## TASK TO CARRY OUT
Repeat what the lines below say, word for word, and skip every image.

## INFORMATION SHOWN
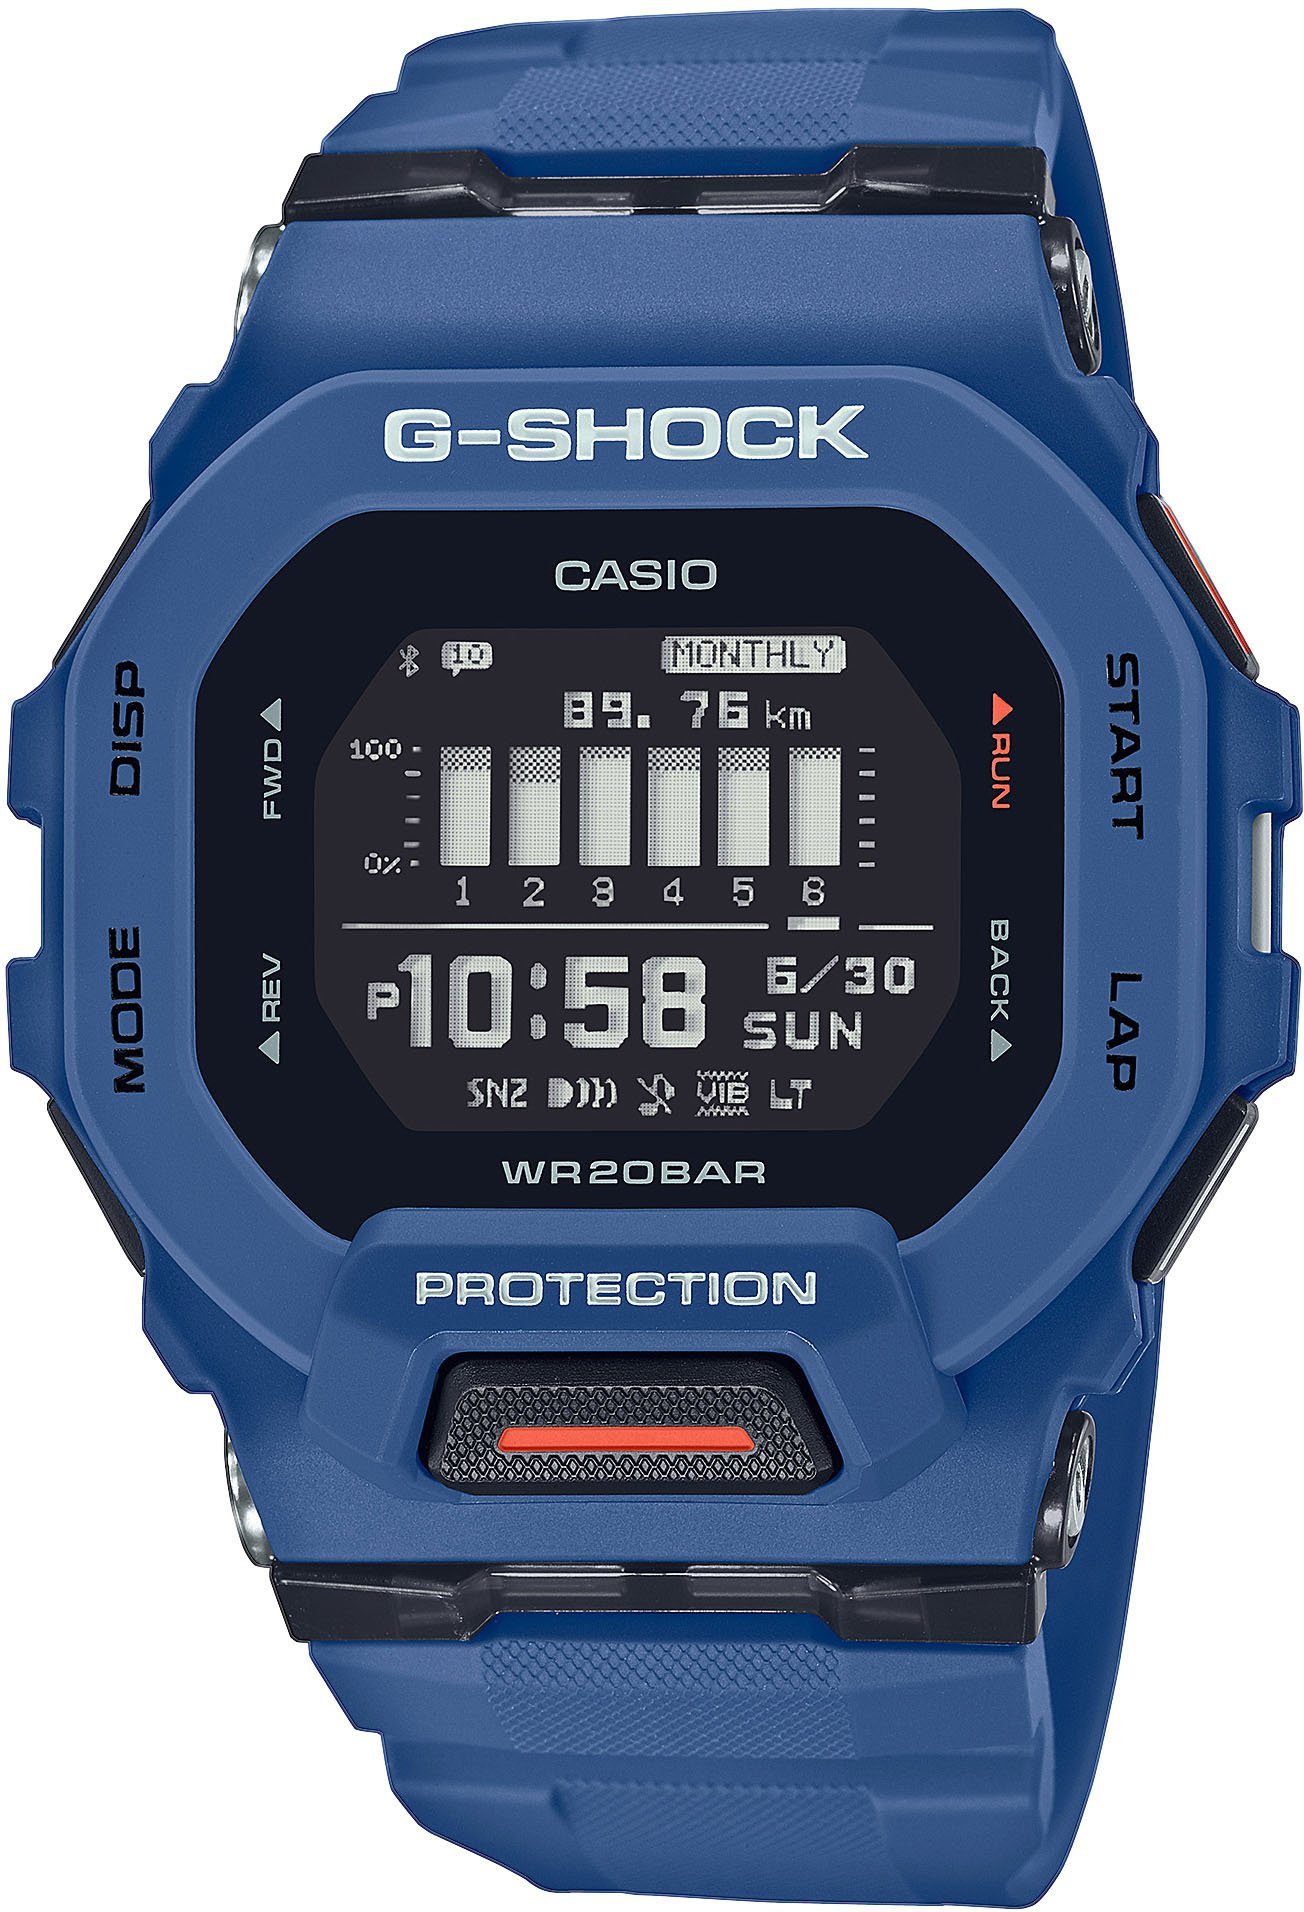 CASIO G-SHOCK Smartwatch GBD-200-2ER
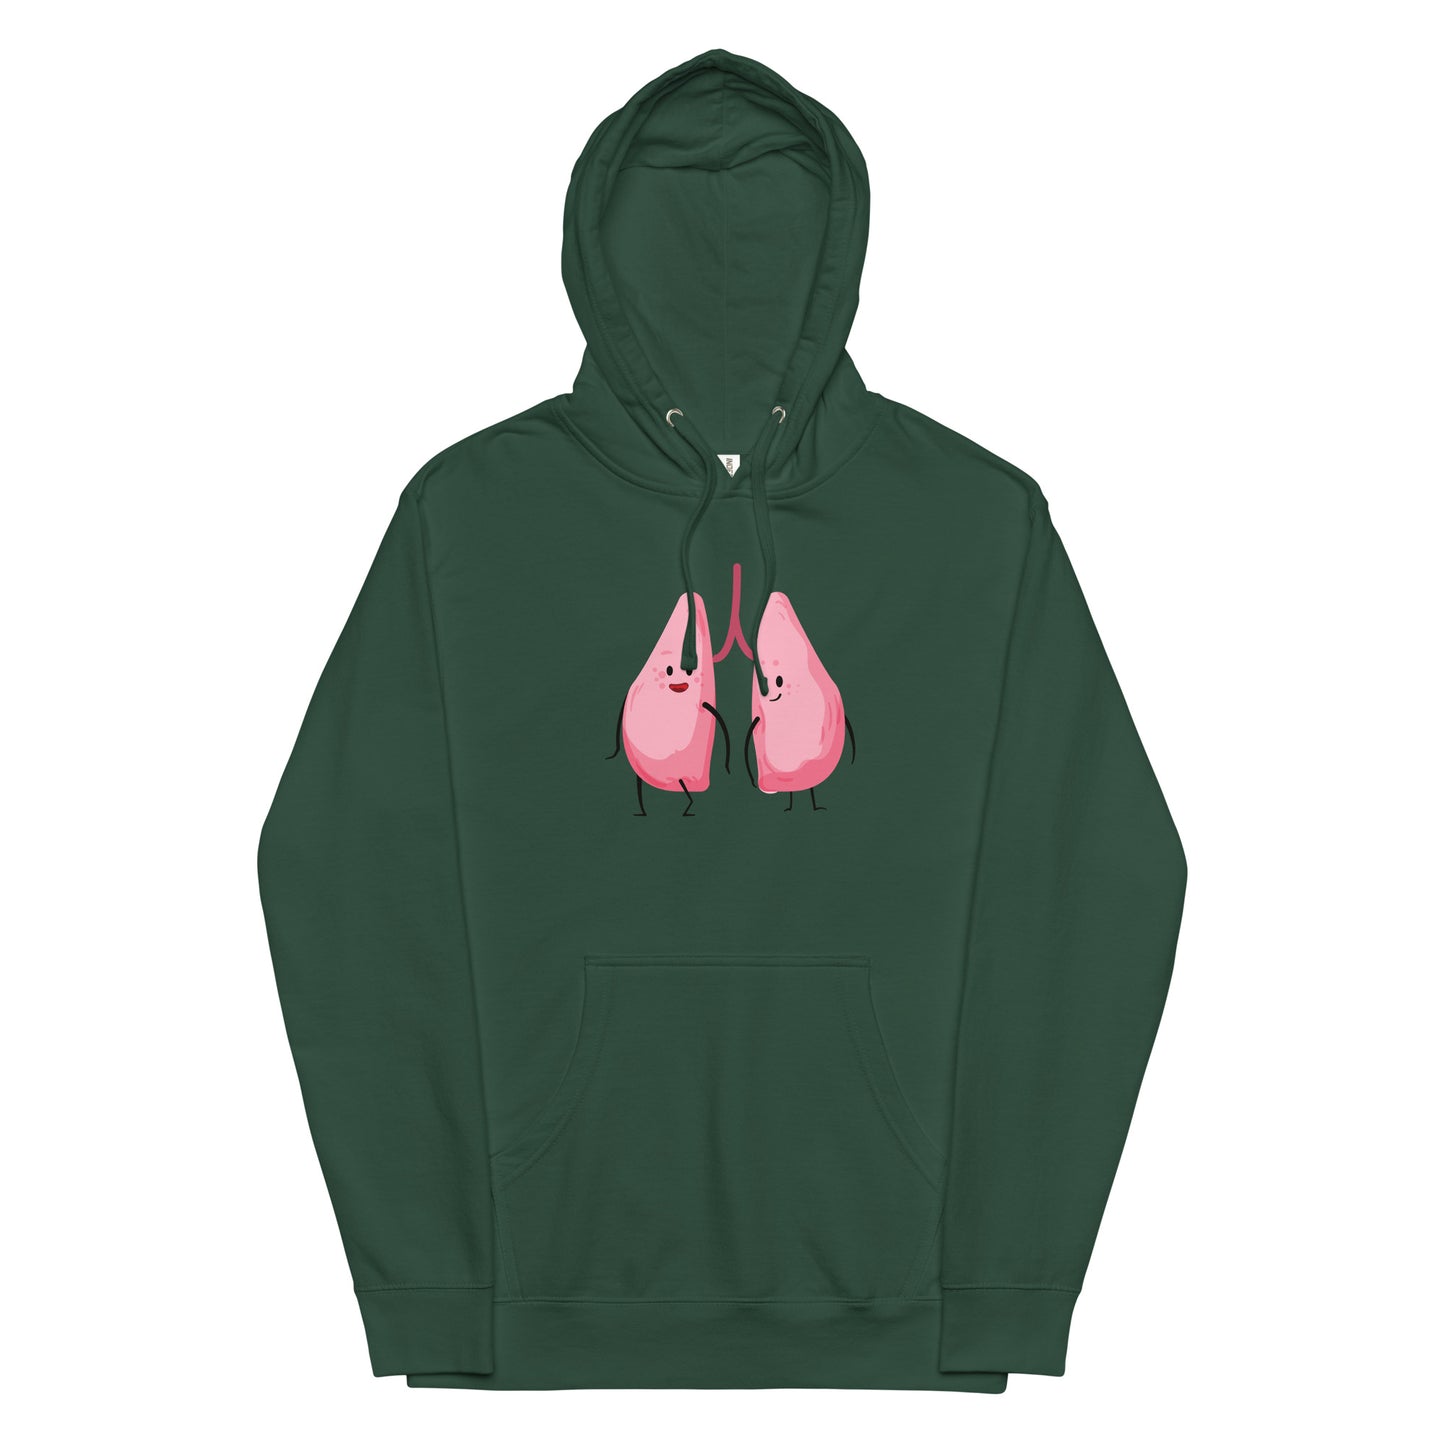 Happy Hoodies: Lungs
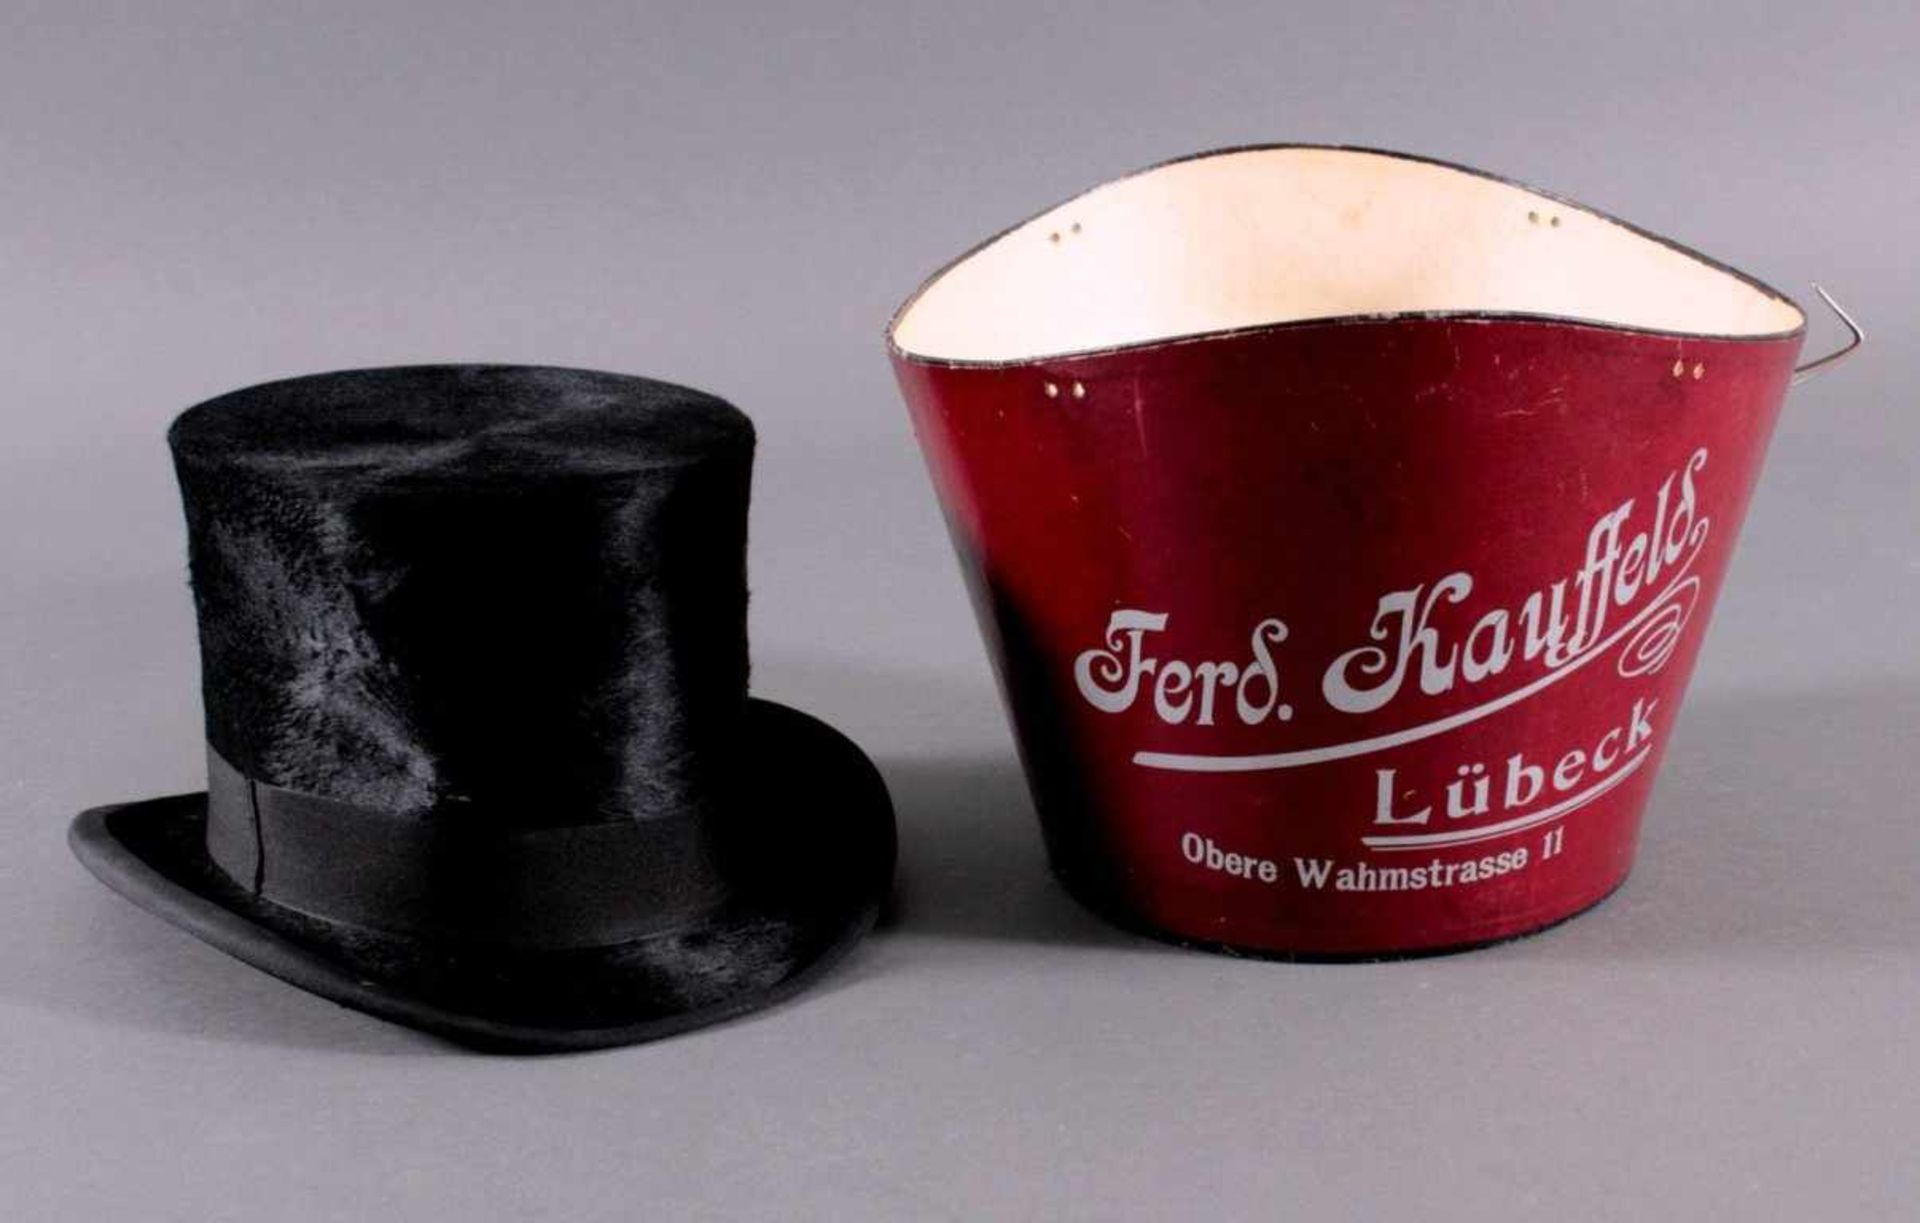 Zylinder um 1900 in HutschachtelZylinder und Hutschachtel mit Verkäuferbezeichnung Ferd.Kauffeld

## ANSWER FOR THIS EXERCISE
 CASIO G-SHOCK Smartwatch GBD-200-2ER
 Happy Hoodies: Lungs
 Zylinder um 1900 in HutschachtelZylinder und Hutschachtel mit Verkäuferbezeichnung Ferd.Kauffeld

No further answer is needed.